Text-to-image personalization

Last updated

Text-to-Image personalization is a task in deep learning for computer graphics that augments pre-trained text-to-image generative models. In this task, a generative model that was trained on large-scale data (usually a foundation model), is adapted such that it can generate images of novel, user-provided concepts. [1] [2] These concepts are typically unseen during training, and may represent specific objects (such as the user's pet) or more abstract categories (new artistic style [3] or object relations [4] ).

Contents

Text-to-Image personalization methods typically bind the novel (personal) concept to new words in the vocabulary of the model. These words can then be used in future prompts to invoke the concept for subject-driven generation, [5] inpainting, style transfer [6] and even to correct biases in the model. To do so, models either optimize word-embeddings, fine-tune the generative model itself, or employ a mixture of both approaches.

Technology

Text-to-Image personalization was first proposed during August 2022 by two concurrent works, Textual Inversion [7] and DreamBooth. [8]

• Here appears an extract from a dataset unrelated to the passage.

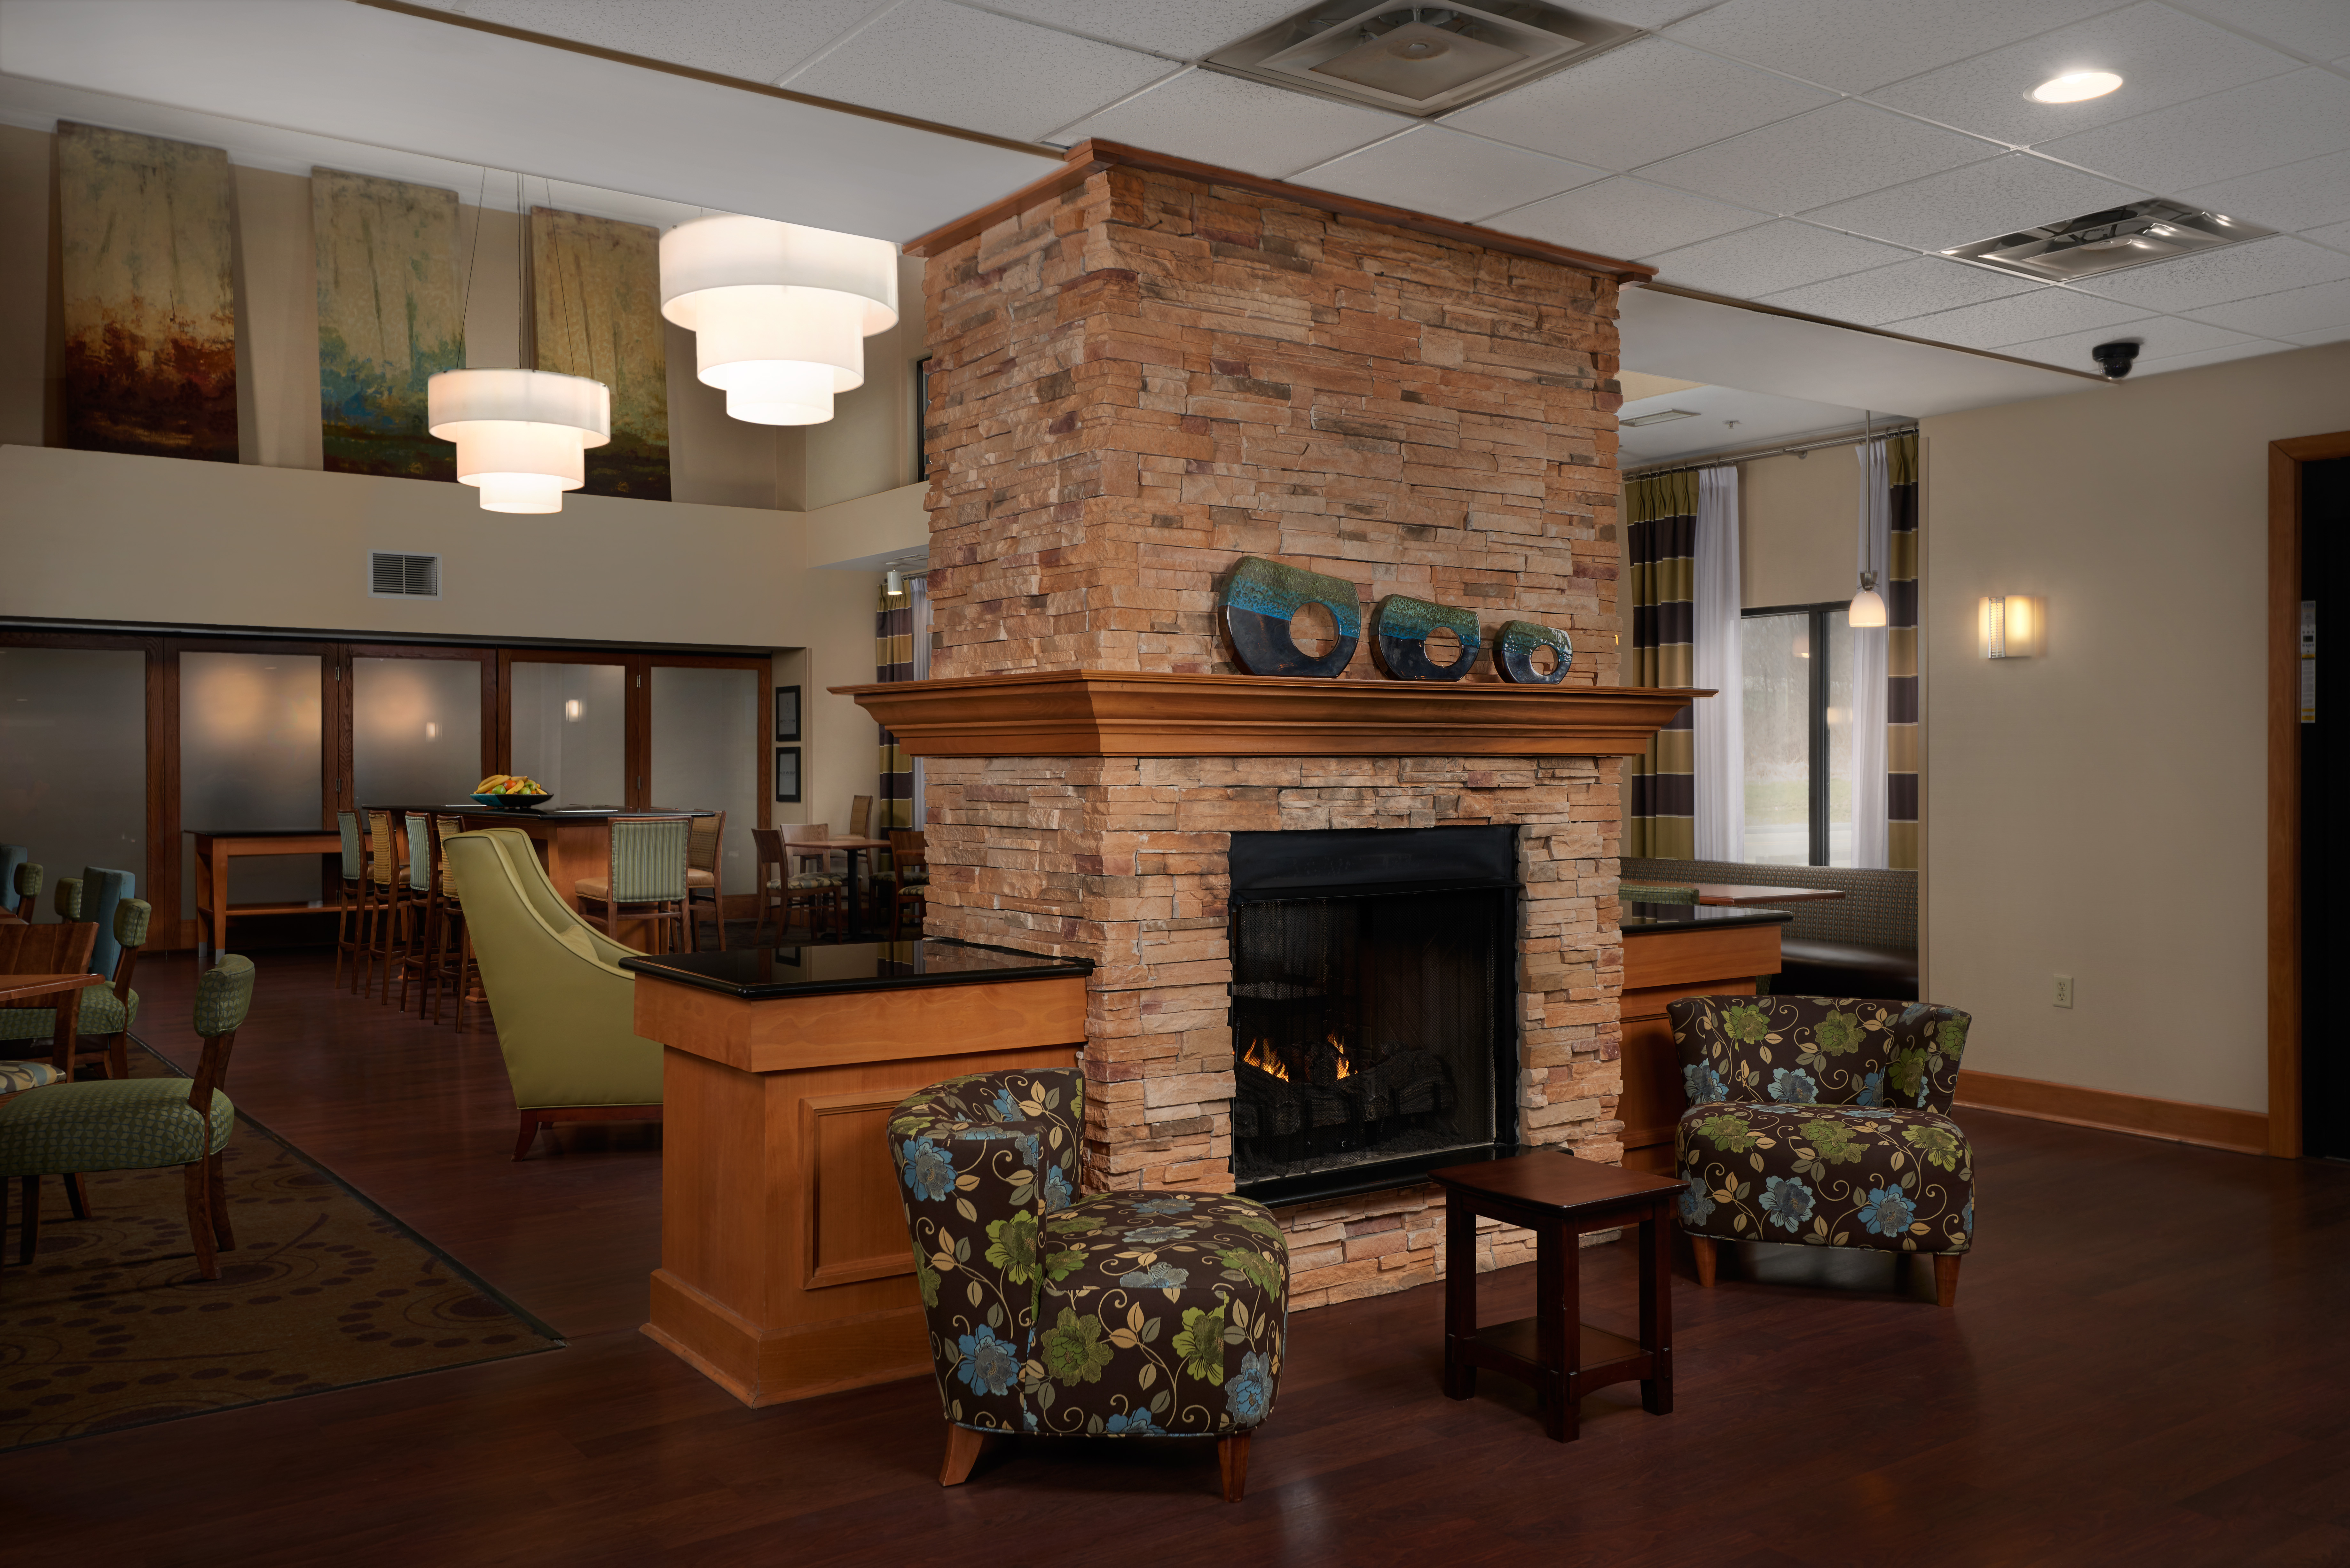 Lobby Area with Fireplace

In both cases, a user provides a few images (typically 3–5) of a concept, like their own dog, together with a coarse descriptor of the concept class (like the word "dog"). The model then learns to represent the subject through a reconstruction based objective, where prompts referring to the subject are expected to reconstruct images from the training set.

In Textual Inversion, the personalized concepts are introduced into the text-to-image model by adding new words to the vocabulary of the model. Typical text-to-image models represent words (and sometimes parts-of-words) as tokens, or indices in a predefined dictionary. During generation, an input prompt is converted into such tokens, each of which is converted into a ‘word-embedding’: a continuous vector representation which is learned for each token as part of the model's training. Textual Inversion proposes to optimize a new word-embedding vector for representing the novel concept. This new embedding vector can then be assigned to a user-chosen string, and invoked whenever the user's prompt contains this string. [7]

In DreamBooth, rather than optimizing a new word vector, the full generative model itself is fine-tuned. The user first selects an existing token, typically one which rarely appears in prompts. The subject itself is then represented by a string containing this token, followed by a coarse descriptor of the subject's class. A prompt describing the subject will then take the form: "A photo of <token> <class>" (e.g. "a photo of sks cat" when learning to represent a specific cat). The text-to-image model is then tuned so that prompts of this form will generate images of the subject. [8]

Textual Inversion

The key idea in textual inversion is to add a new term to the vocabulary of the diffusion model that corresponds to the new (personalized) concept. Textual inversion optimizes the vector embedding of that new term such that using it as an input text prompt will generate images that are similar to given image examples of the concept. The resulting model is extremely light-weight per concept: only 1K long, but succeeds to encode detailed visual properties of the concept.

Extensions

Several approaches were proposed to refine and improve over the original methods. These include the following.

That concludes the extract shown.